Сквозь густеющую толпу к нам проталкивался грузный мужчина. На вид ему было где-то за тридцать. Судя по акценту – итальянец.
– La Diosa будет позировать мне для портрета. Его величество пожелал, чтобы я запечатлел ее в камне как символ его постоянного пристрастия. – С верхней губы художника капал пот.
– Синьор Мизерони! – воскликнул другой итальянец, мелодраматично прижимая руки к своей вздымающейся груди. – Я думал, мы поняли друг друга. На следующей неделе состоится празднество. Император желает, чтобы La Diosa приняла в нем участие. Следовательно, ей нужно упражняться в танцах. – Он поклонился мне и представился: – Альфонсо Пасетти, балетмейстер его величества. К вашим услугам, La Diosa.
– Но моя жена не любит танцевать, – холодно произнес голос за моей спиной. Длинная рука протянулась к моей, теребившей край корсажа. – Правда, mon couer? – Мэтью поцеловал мне пальцы, слегка укусив их в знак предостережения.
– Мэтью, как всегда, вовремя, – покатился со смеху Йорис. – Как поживаете?

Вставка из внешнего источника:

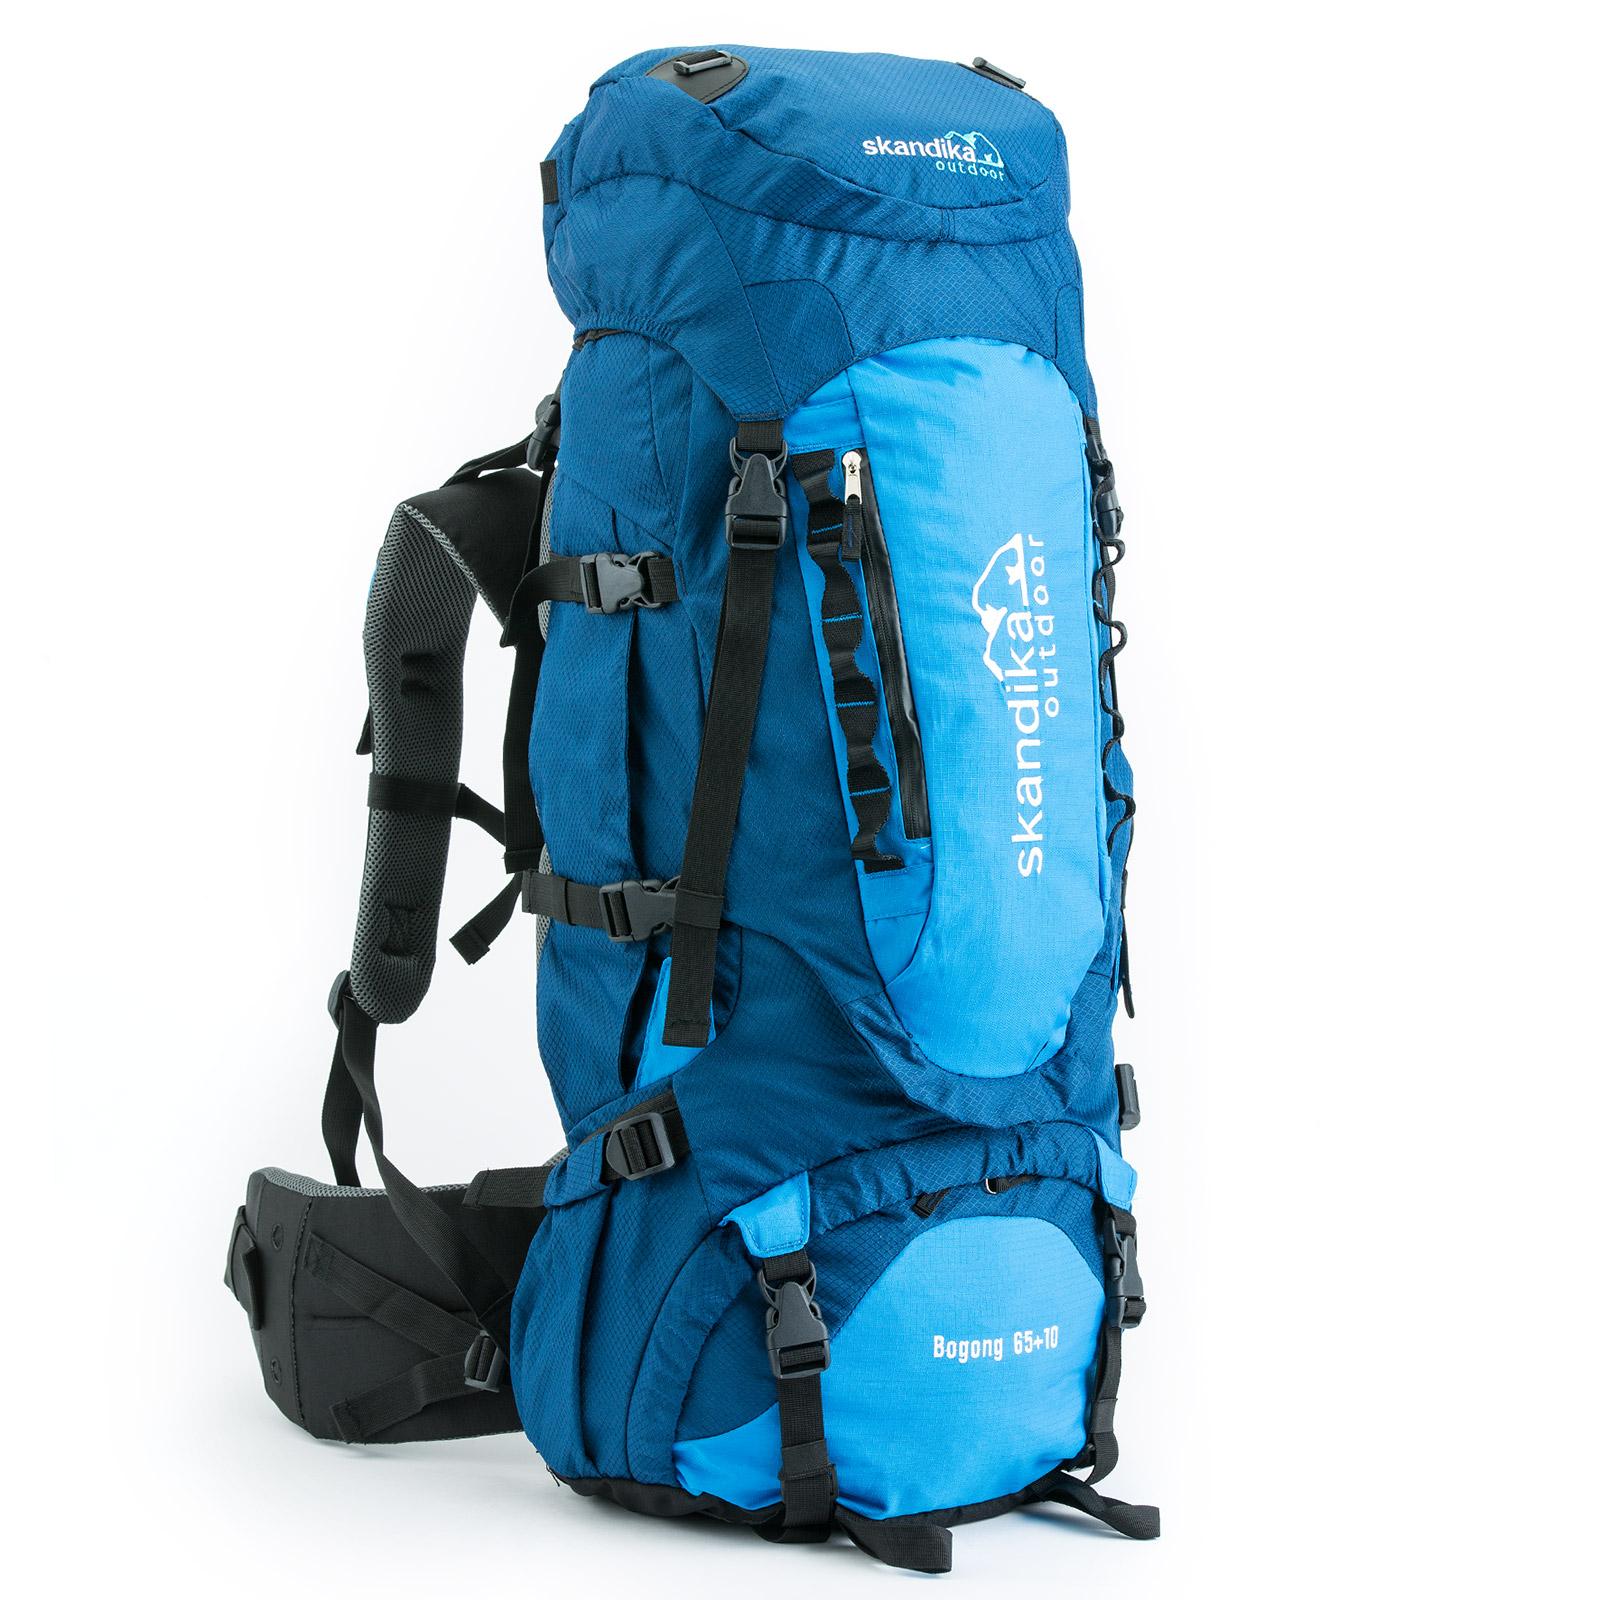 skandika trekking rucksack sporttasche freizeitrucksack. Black Bedroom Furniture Sets. Home Design Ideas
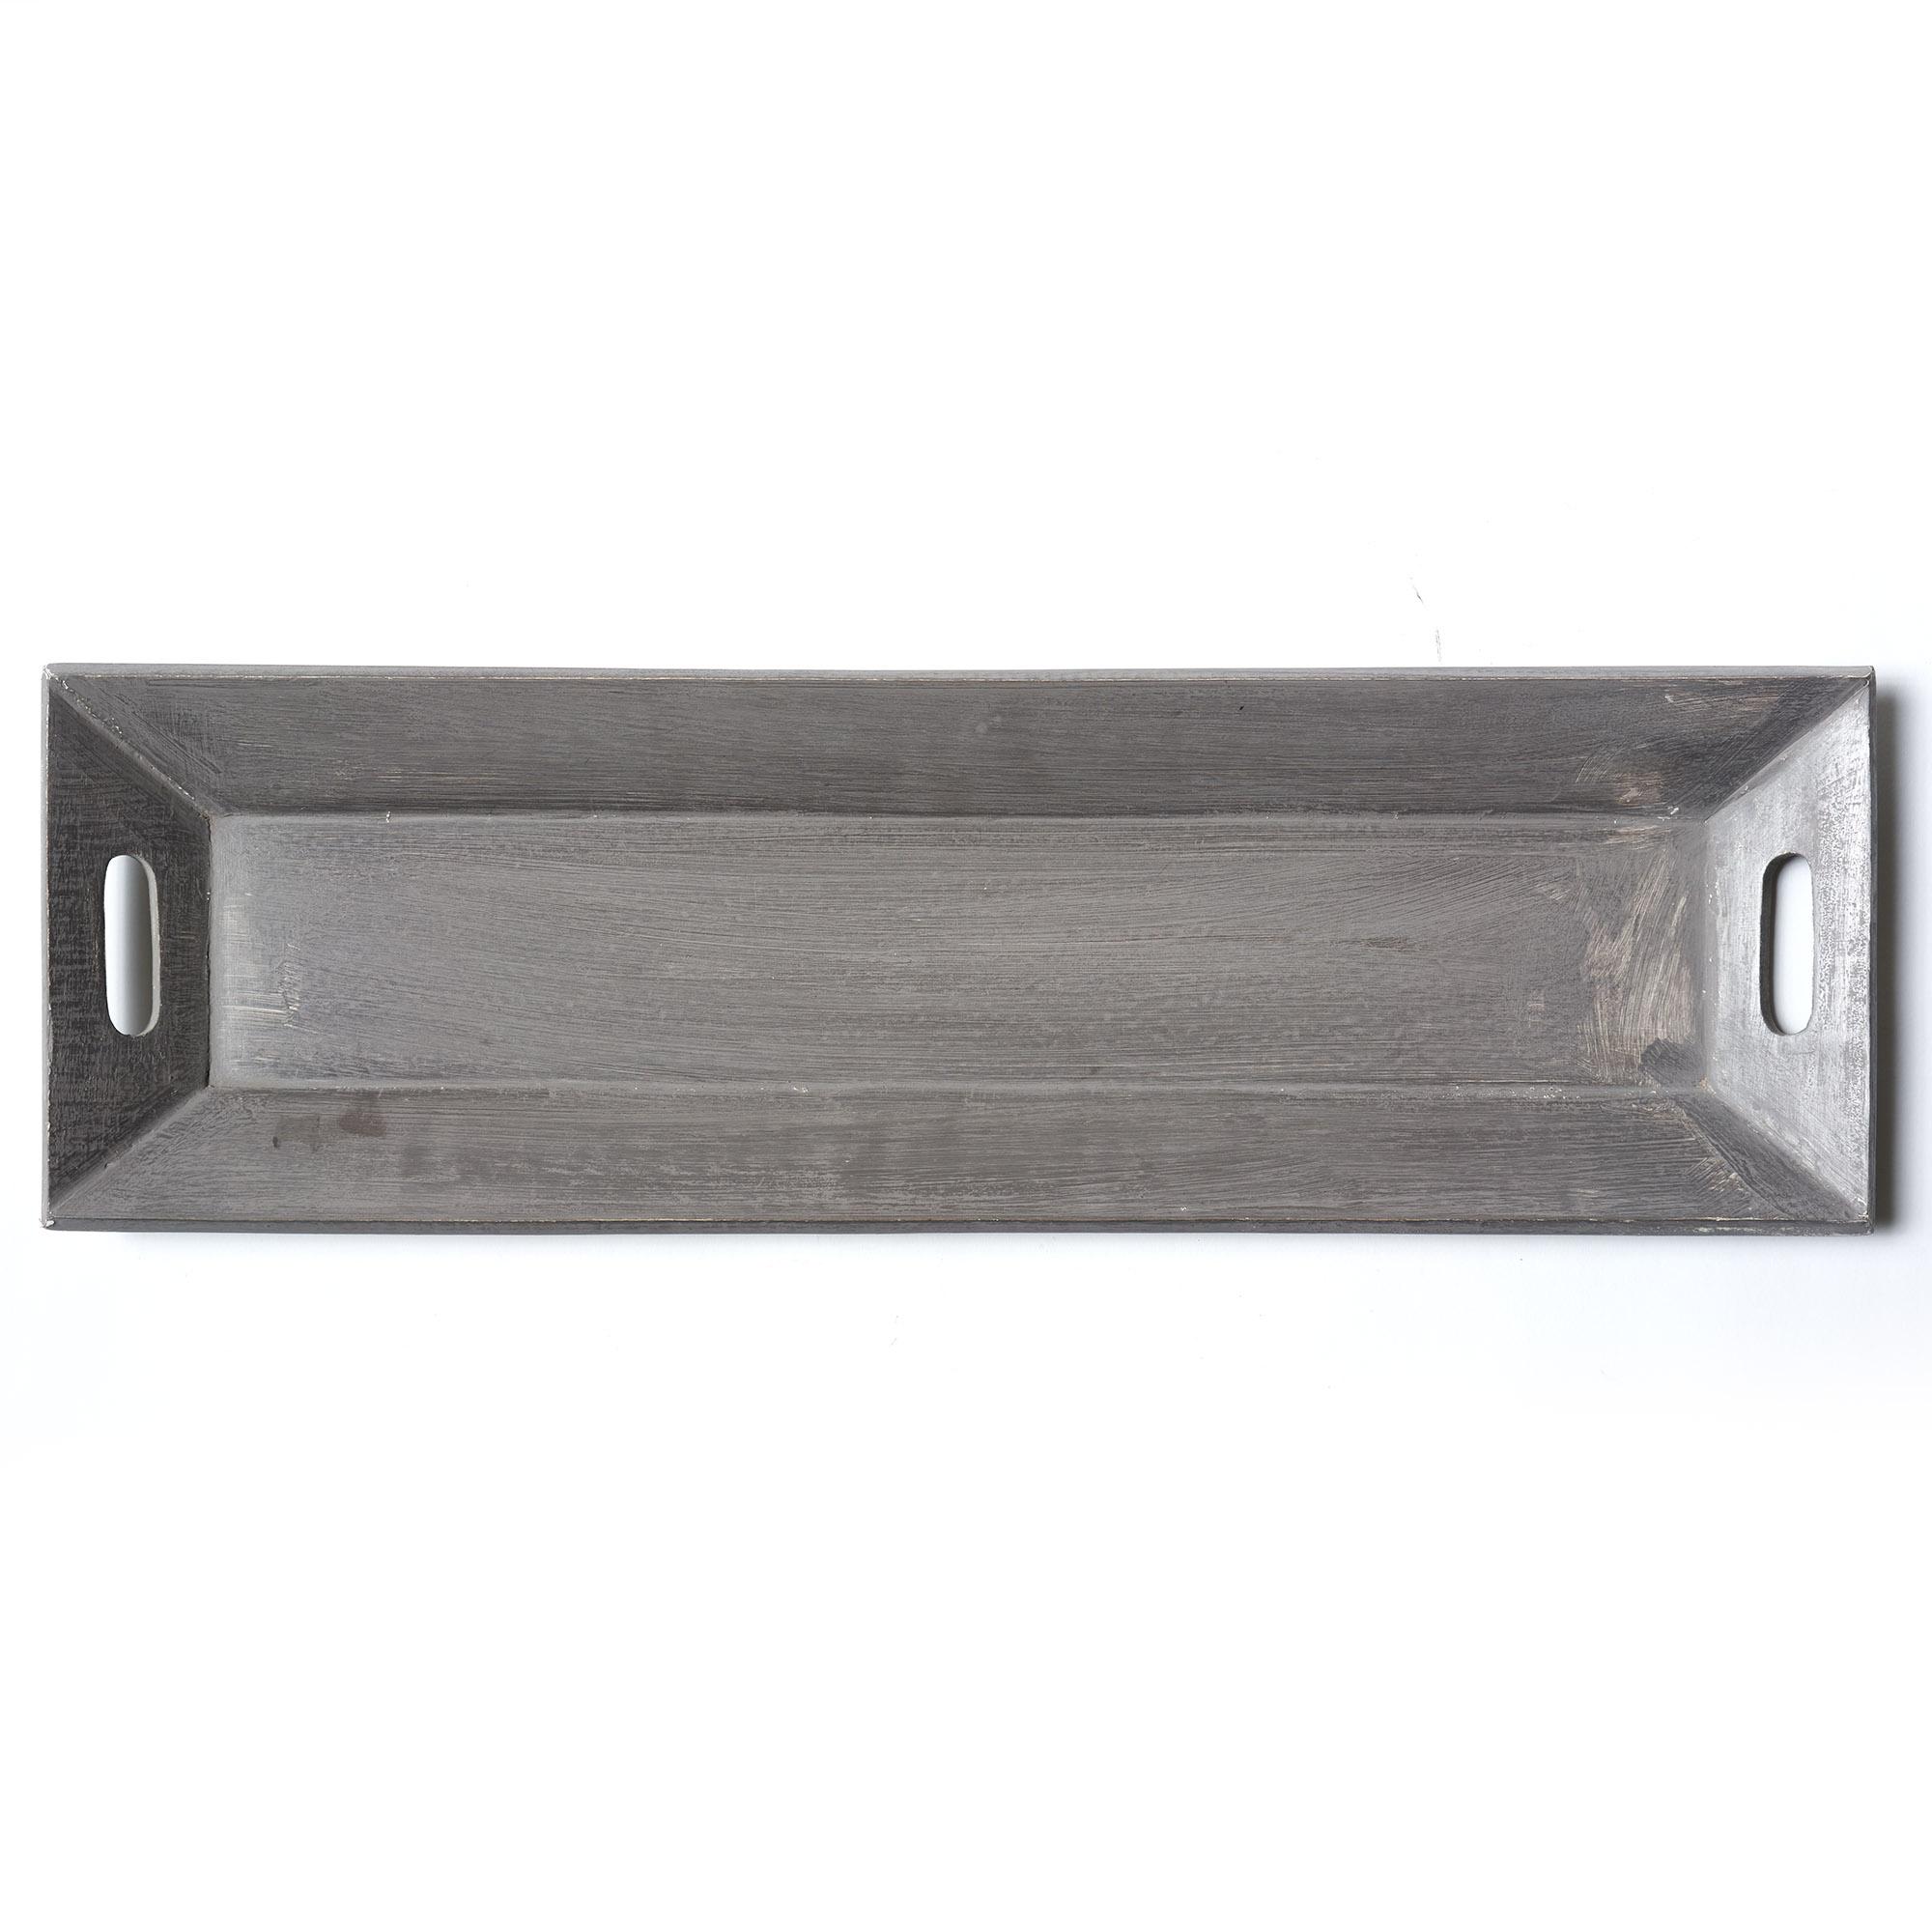 Bandeja de madera patinada gris 20 x 62.5 cm

– Я был раздосадован, не найдя Диану дома, – сказал Мэтью, демонстрируя легкое огорчение. – Но даже верный муж не смеет ревновать жену к Богу.
Хуфнагель пристально наблюдал за Мэтью, отслеживая каждое изменение в выражении лица моего мужа. Я вдруг поняла: передо мной великий художник, умеющий так тонко наблюдать природу, что его рисунки флоры и фауны выглядели совершенно живыми. Казалось, они вот-вот покинут бумажные листы, как пчела и змейка покинули туфельки Мэри.